You wouldn’t want to see what a place that used to be a city looks like after everything in it is vaporized—just like that, in a couple of seconds. Not many ruins are left, and hardly any human remains. There’s no harmful radiation or toxic gas, the soil isn’t poisoned, the people who escaped before the disturbances can come back and resume normal lives. If they have anywhere to live. Because otherwise, their only choice is to grit their teeth, bow their heads, swallow their rage, and start working like mules to rebuild their leveled town.
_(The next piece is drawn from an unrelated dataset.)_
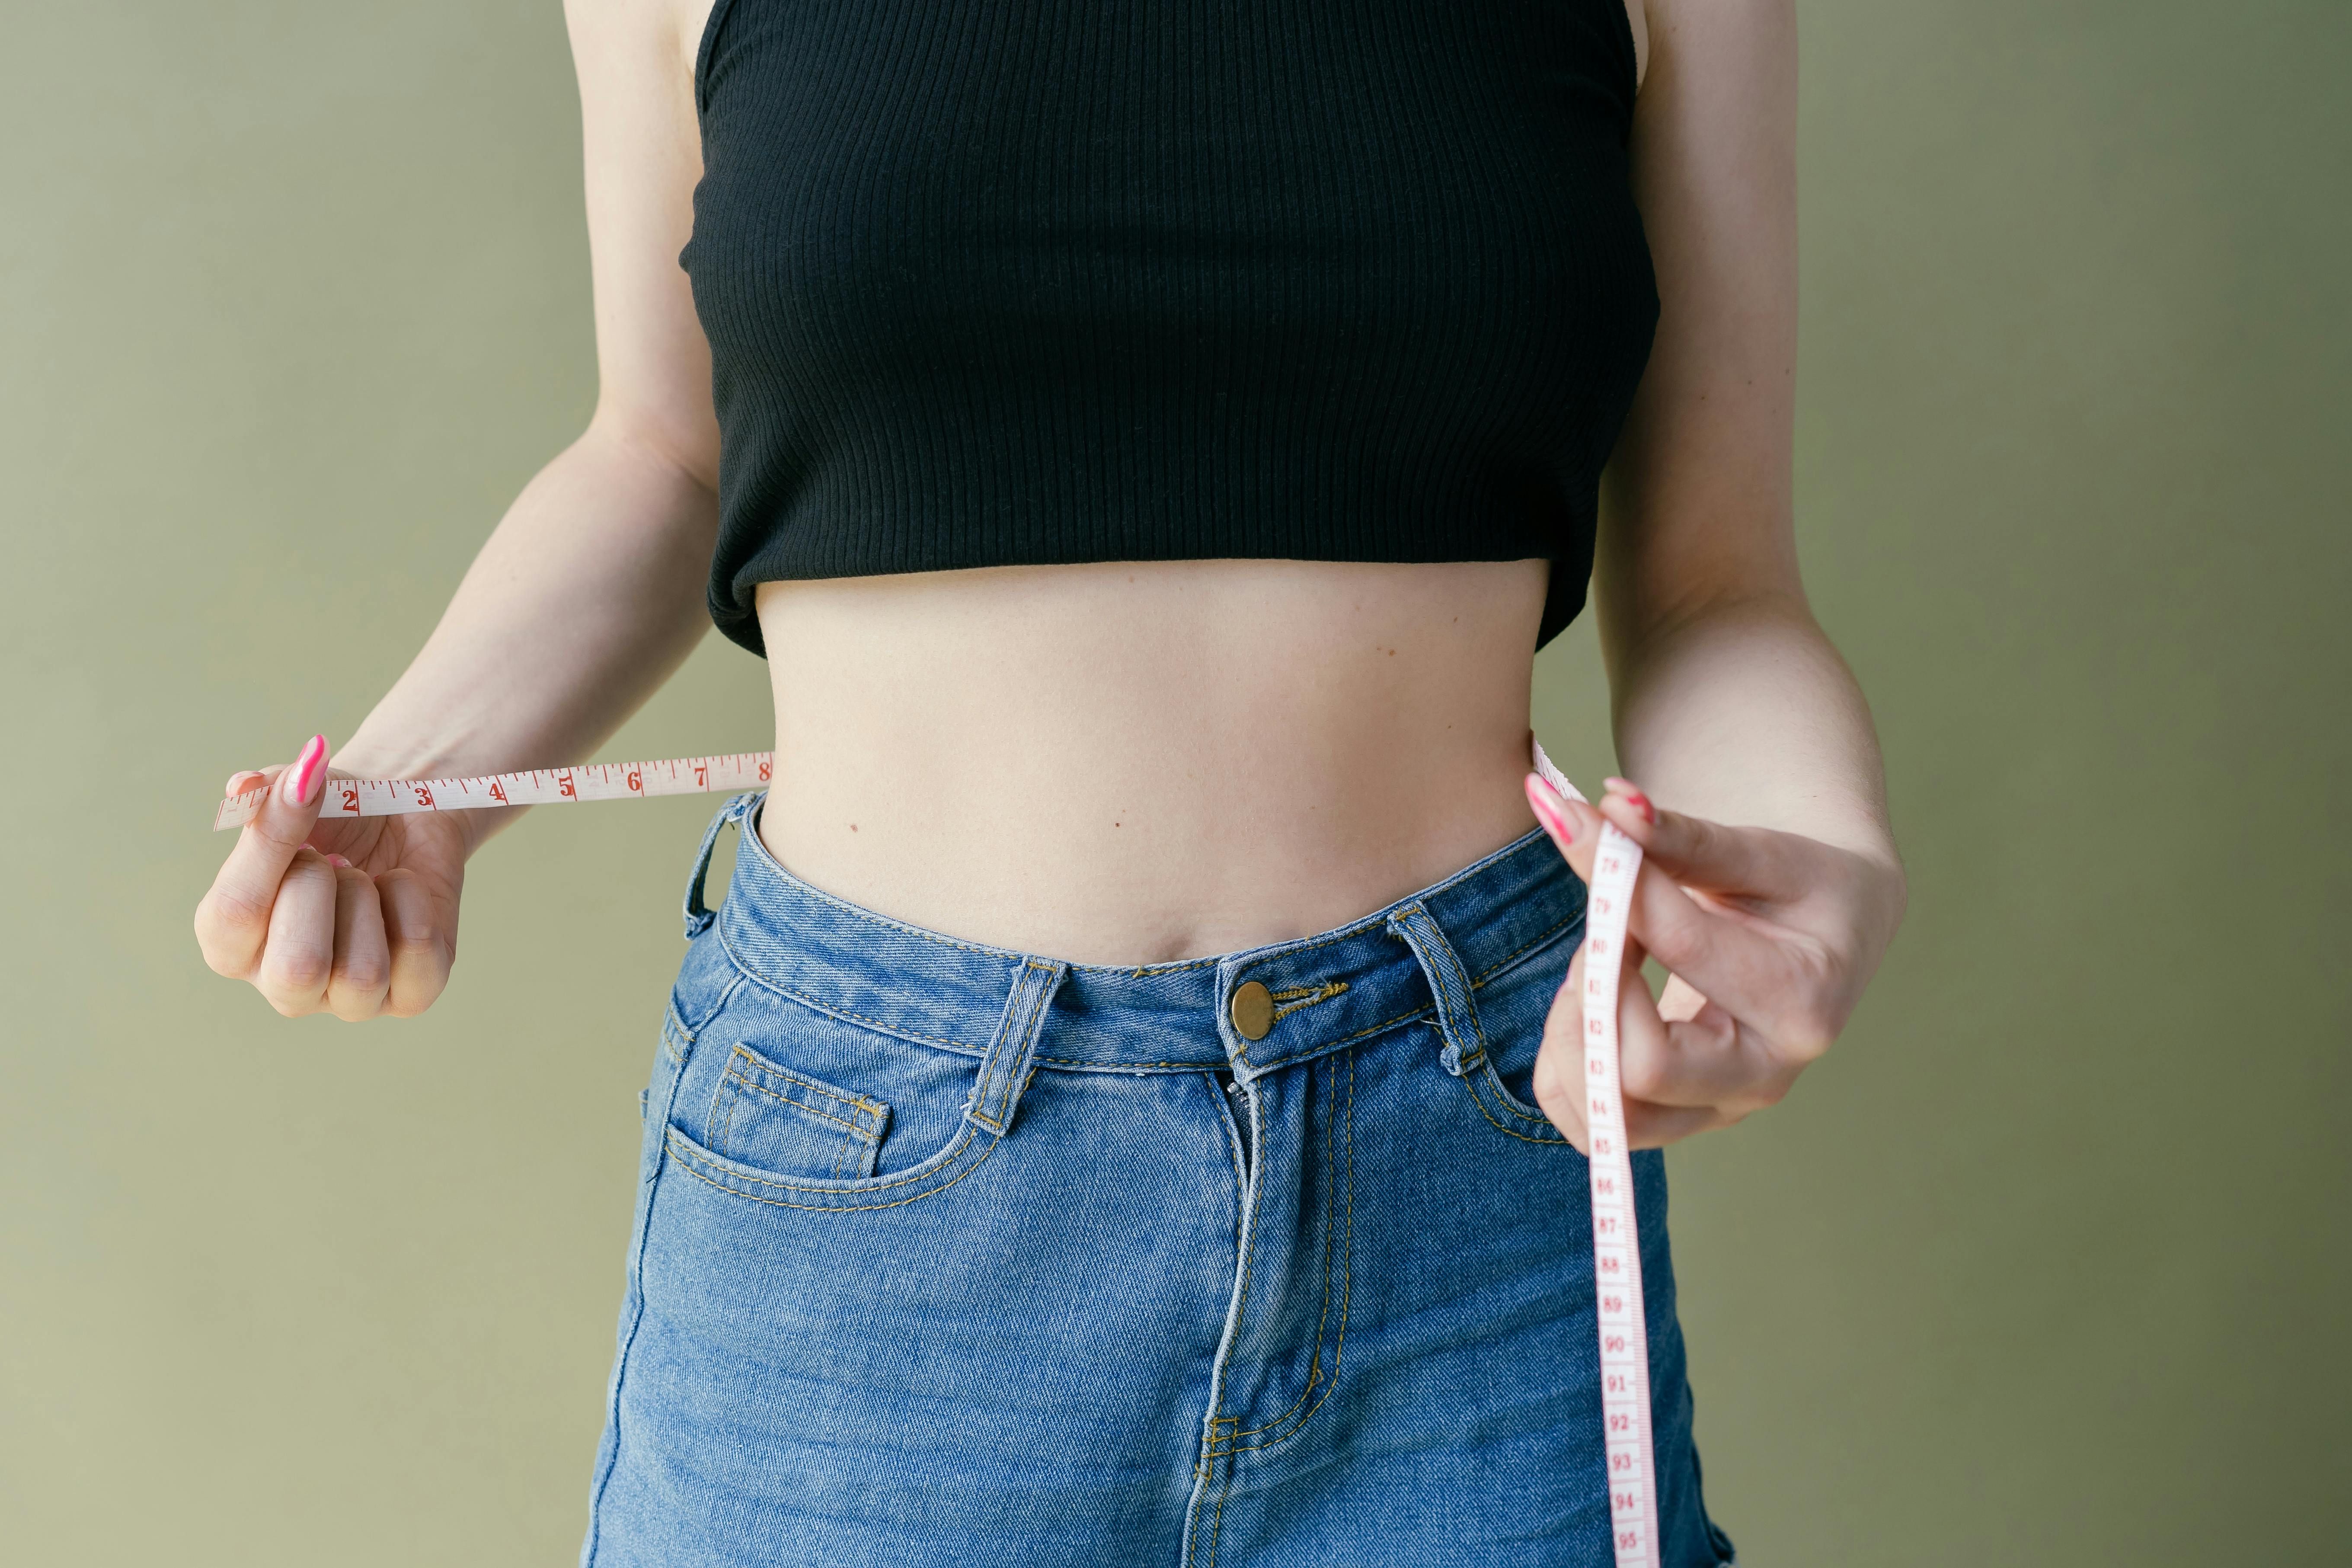 Woman measuring her waistline, highlighting the link between weight loss and sleep apnea improvement
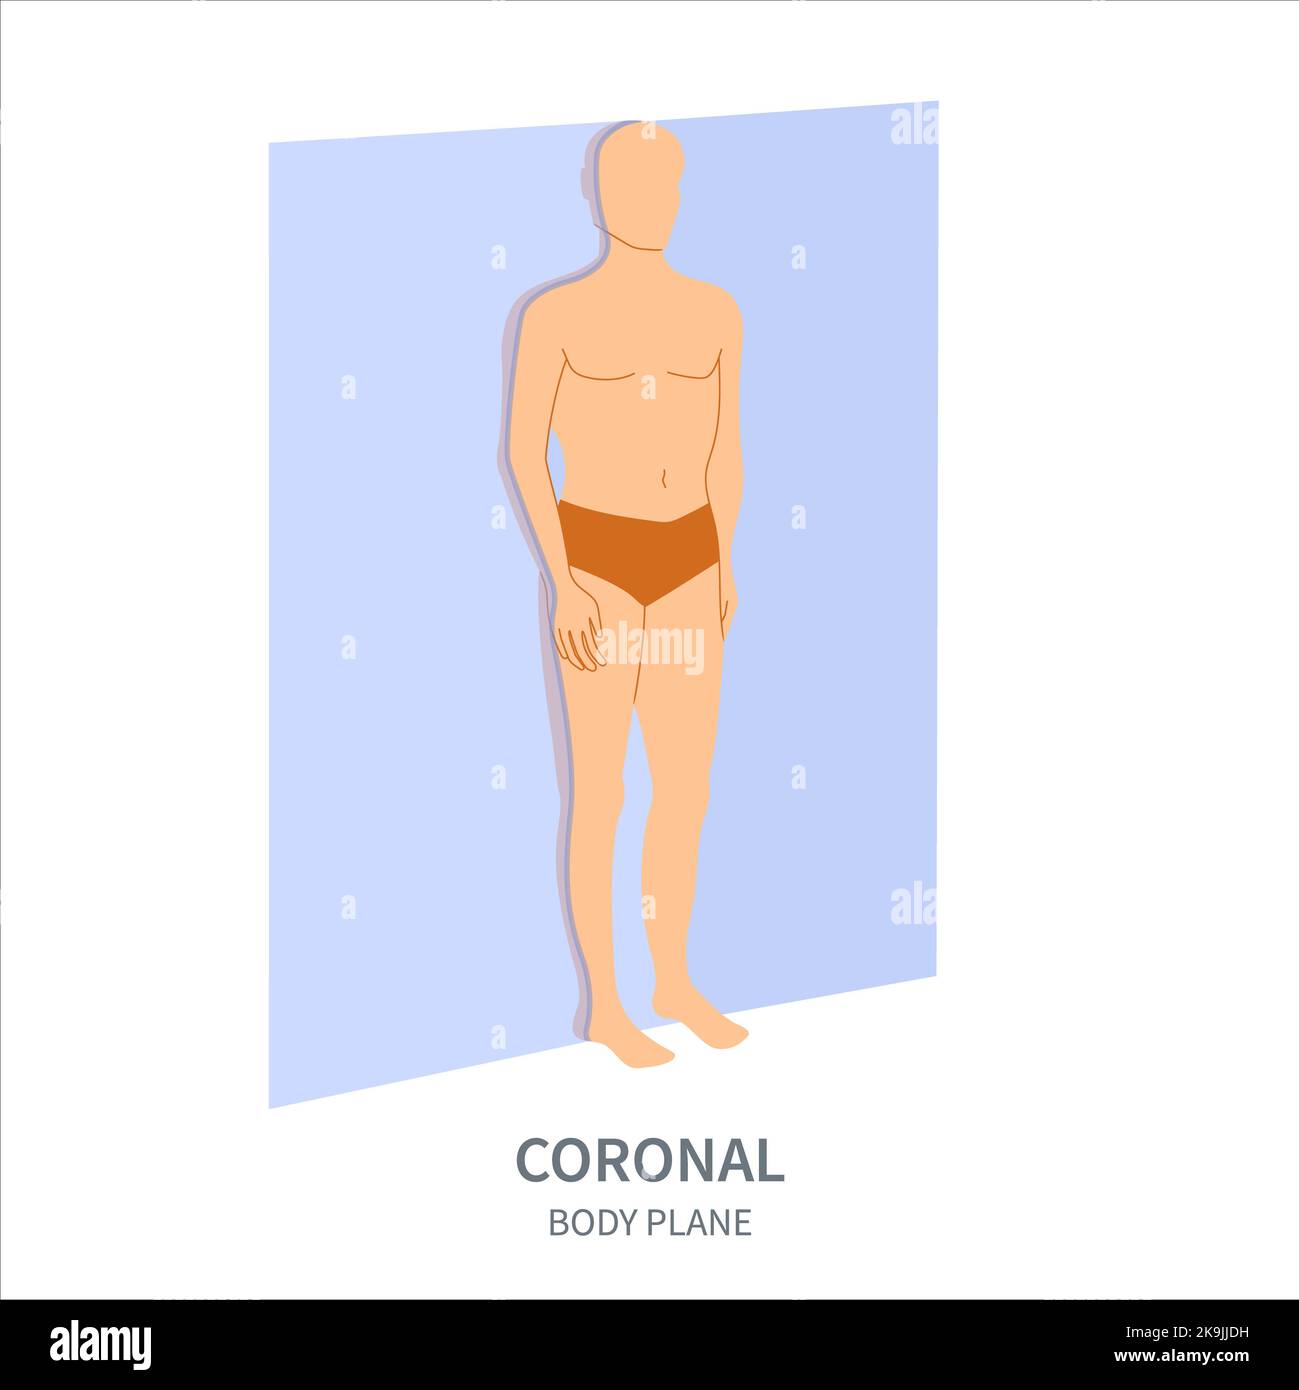 Coronal body plane, illustration Stock Photo

But here and there on the ground, and on some walls that held up, who knows how, there are the shadows left by the volatilized bodies. Like ghosts, motionlessly accusing who knows who. Until the walls are knocked down or repainted.

And nobody cries over them, at least not publicly. The disturbance and the people who kicked it up are forgotten, and life goes on. Until the next explosion.

Once I saw a holovideo about some little animals that look like fat guinea pigs and that live up there in the Artic, eating moss and junk like that. The foxes, the polar bears, the owls, even the Eskimos, all the predators that don’t want to starve to death hunt them and eat them by the fistful. But they reproduce, they reproduce. Like guinea pigs, you follow me, Markus? And there’s more and more of them—until there’s no moss or anything left to eat.

Then they gather, armies of millions and millions of them, and migrate. Like crazy, and nobody can stop them. Not looking for more food or new territory, just looking for the sea. And the wolves, the foxes, all the predators follow them, gobbling them up by the thousands... until the fat guinea pigs dive head-first off the coast and swim out to sea. Then the sharks and seagulls keep on eating them, and thousands and thousands more drown... until there aren’t any left.

And the two or three that didn’t migrate go back to reproducing and getting eaten, until ten or fifteen years later the cycle repeats itself. And repeats, and repeats, and repeats.

I’d like to think, only until one day. Though I’m more of a fox or a hawk than one of them...

What’s that? Lemmings? If you say so. You’re the educated one here. Like I said, Sergeant Romualdo never...

Click
.

“That’s enough.” Sweating, Colonel Kharman turned off the recording and wiped his forehead with a silk handkerchief. “The rest is half-baked biological and philosophical speculation. It would not interest you, Murfal, Your Excellency.

“Perhaps it would be... instructive,” the other wondered. His human body moved with the almost imperceptible time lag of a “horse’s” movements. Murfal was an Auyar.

“I don’t doubt it,” Kharman insisted, wiping the sweat from his broad brow. “But we already have more than enough evidence to send that poor devil of a sergeant to Body Spares for the rest of his life. And we know enough about the status and methods of corruption in our corps for us to take appropriate measures... I do not know how to thank you enough for your cooperation.”